Grande Encyclopédie Larousse 1971-1976Éd. 1971-1976
B

Belgique (suite)

La guerre de 1914 nous valut la sobre élégie de Louis Boumal, grave et pur chanteur qui ne devait pas en revenir. Puis c’est toute une floraison lyrique, où nous ne pourrons que faire un choix peut-être téméraire... S’impose d’abord le nom d’Odilon-Jean Périer, mort à vingt-sept ans en 1928. Dans quelques plaquettes chargées et fines, testament poétique où un drame secret frémit dans la transparence, il a donné un contour parfait aux thèmes de la chambre, de la ville, du paysage, de la solitude et de la pureté contrariée.

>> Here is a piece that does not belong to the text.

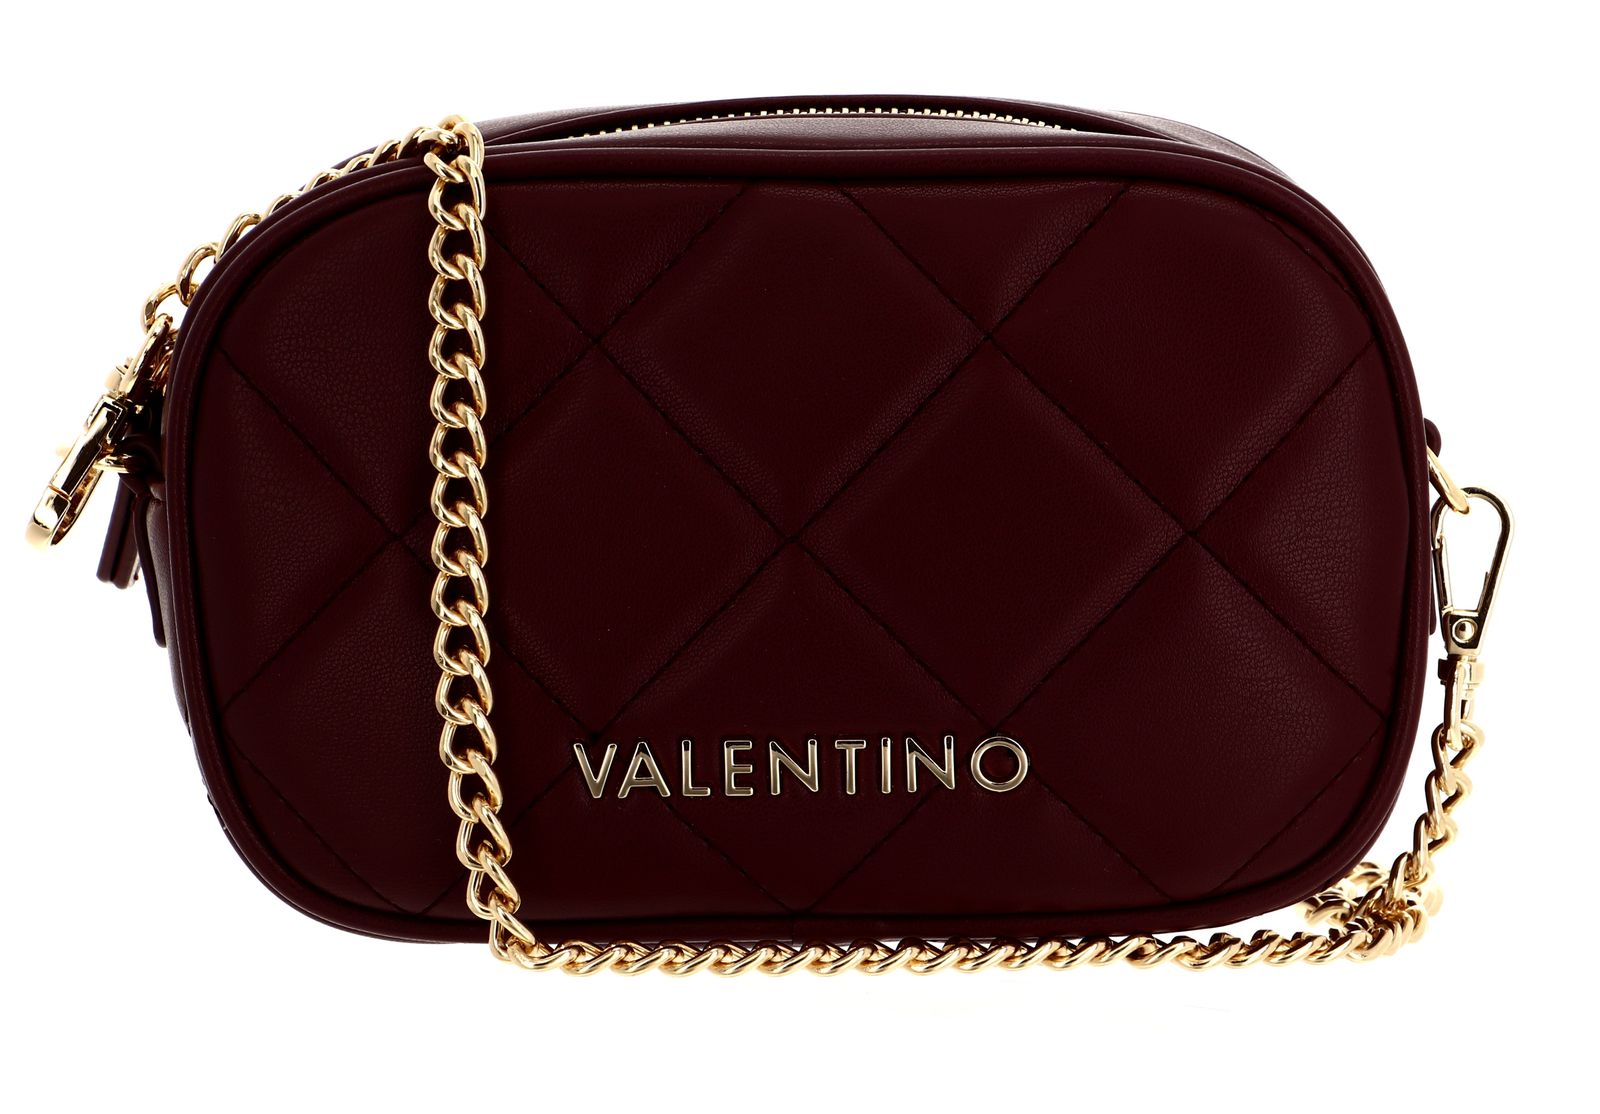 VALENTINO Belt Bag Vino | Buy bags, purses & accessories online | modeherz

À propos de son classicisme serré, dépouillé et brûlant, le poète André Gascht, qui comme Auguste Marin fut un peu son disciple, a pu parler d’« accent intemporel ». Beaucoup moins retenu, tout en élans est René Verboom (1892-1955), sans doute le meilleur échantillon de cette modernité indépendante des modes d’avant-garde qui signalent le lyrisme belge des années 20. Son œuvre est brève, immédiate et très sûre, dictée par la lucidité de l’instinct. La nature de Verboom était passionnée, amoureuse des êtres comme des formes et des couleurs, amoureuse de l’amour. Il n’y a pas tant de vrais livres d’amour, et la Courbe ardente (1922) en est un, qui nous donne la réalité de cet éclair charnel et pur, de cet « éclair unique » échangé entre des amants, dont a rêvé Baudelaire. Puis le tourment esthétique s’empare de Verboom et lui dicte quelques très beaux poèmes, restés épars, avant que de ces miroitantes prouesses il ne revienne à la vie nue du sentiment dans quelques ultimes pièces où ce cœur ardent jette un dernier reflet de flamme. Moins violemment artiste et tout aussi sincère, Armand Bernier (1902-1969) fut poète par le don du cœur et la limpidité d’une mélodieuse parole. Presque toute son œuvre forme un cycle de méditation lyrique repris en 1956 sous un titre d’ensemble, le Monde transparent. Peu de poètes ont une présence aussi fraternelle. Chacune de ses pages offre un moment de vie à cet esprit qui finira, sans avoir jamais quitté la spontanéité sensible, par construire une vue harmonieuse du monde. L’inquiétude fondamentale se réveille cependant et, dans les derniers poèmes, attaque cette vision métaphysique qui avait cru mettre l’âme en paix. Et l’œuvre se clôt sur une poignante sincérité agnostique qui laisse le problème en suspens.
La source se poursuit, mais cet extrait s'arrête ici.